How to access a search engine
For users, a search engine is accessed through a browser on their computer, smartphone, tablet, or another device. Today, most new browsers use an omnibox, which is a text box at the top of the browser. The omnibox allows users to type in a URL or a search query. You can also visit one of the major search engines’ home page to perform a search.
How a search engine works
Because large search engines contain millions and sometimes billions of pages, many search engines display the results depending on their importance. This importance is commonly determined using various algorithms.
As illustrated, the source of all search engine data is collected using a spider or crawler that visits each page on the Internet and collects its information.
Once a page is crawled, the data contained in the page is processed and indexed. Often, this can involve the steps below.
- Strip out stop words.
- Record the remaining words on the page and the frequency they occur.
- Record links to other pages.
- Record information about any images, audio, and embedded media on the page.
The data collected is used to rank each page. These rankings then determine which pages to show in the search results and in what order.
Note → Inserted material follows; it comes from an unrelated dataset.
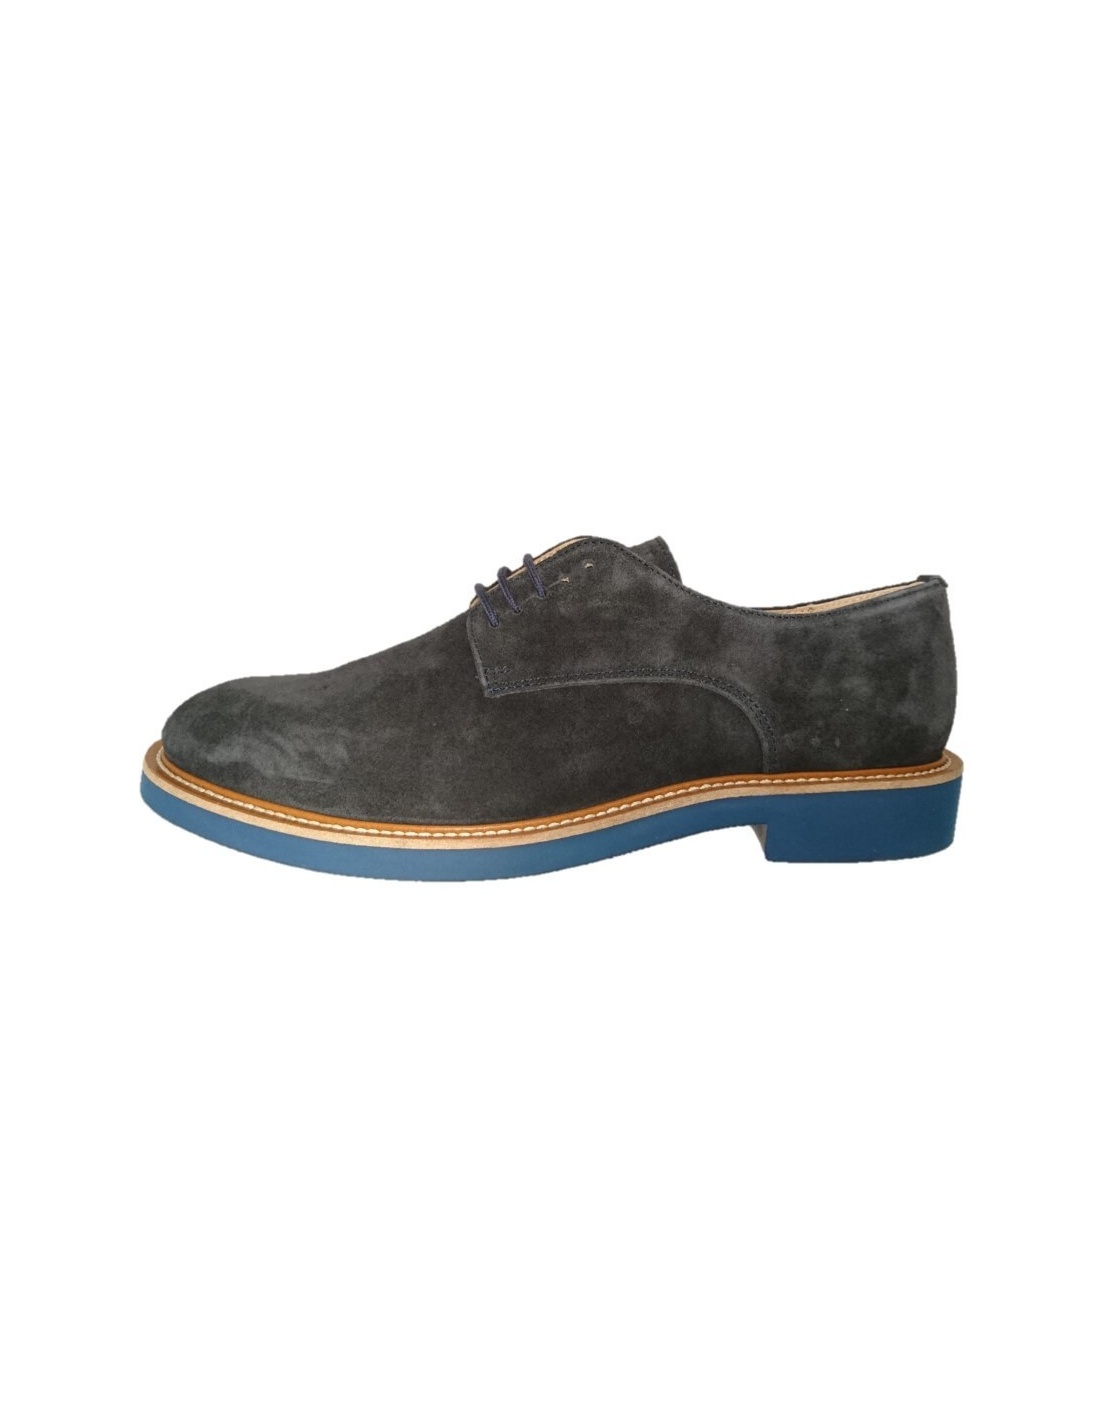 blue suede oxford shoes mens

Finally, once the data is processed, it’s broken up into files, inserted into a database, or loaded into memory where it’s accessed when a search is performed.
Do all search engines give the same results?
Not necessarily. Search engines use proprietary algorithms to index and correlate data, so every search engine has its own approach to finding what you’re trying to find. Its results may be based on where you’re located, what else you’ve searched for, and what results were preferred by other users searching for the same thing. Each search engine uniquely weights these and offers you different results.
What is the best search engine?
There isn’t one search engine that is better than all the others. Many people could argue that Google’s search engine is the best, and it is the most popular and well-known. It’s so popular that people often use it as a verb when telling someone to search for their question.
Microsoft’s Bing search engine is also popular and used by many people. Bing does an excellent job of finding information and answering questions. Bing is also what powers the search in Windows 10 and the Yahoo search engine.
Users concerned with privacy, enjoy using Duck Duck Go. This search engine makes its users anonymous and is an excellent solution for users concerned with how much information Google and Bing collect on its users.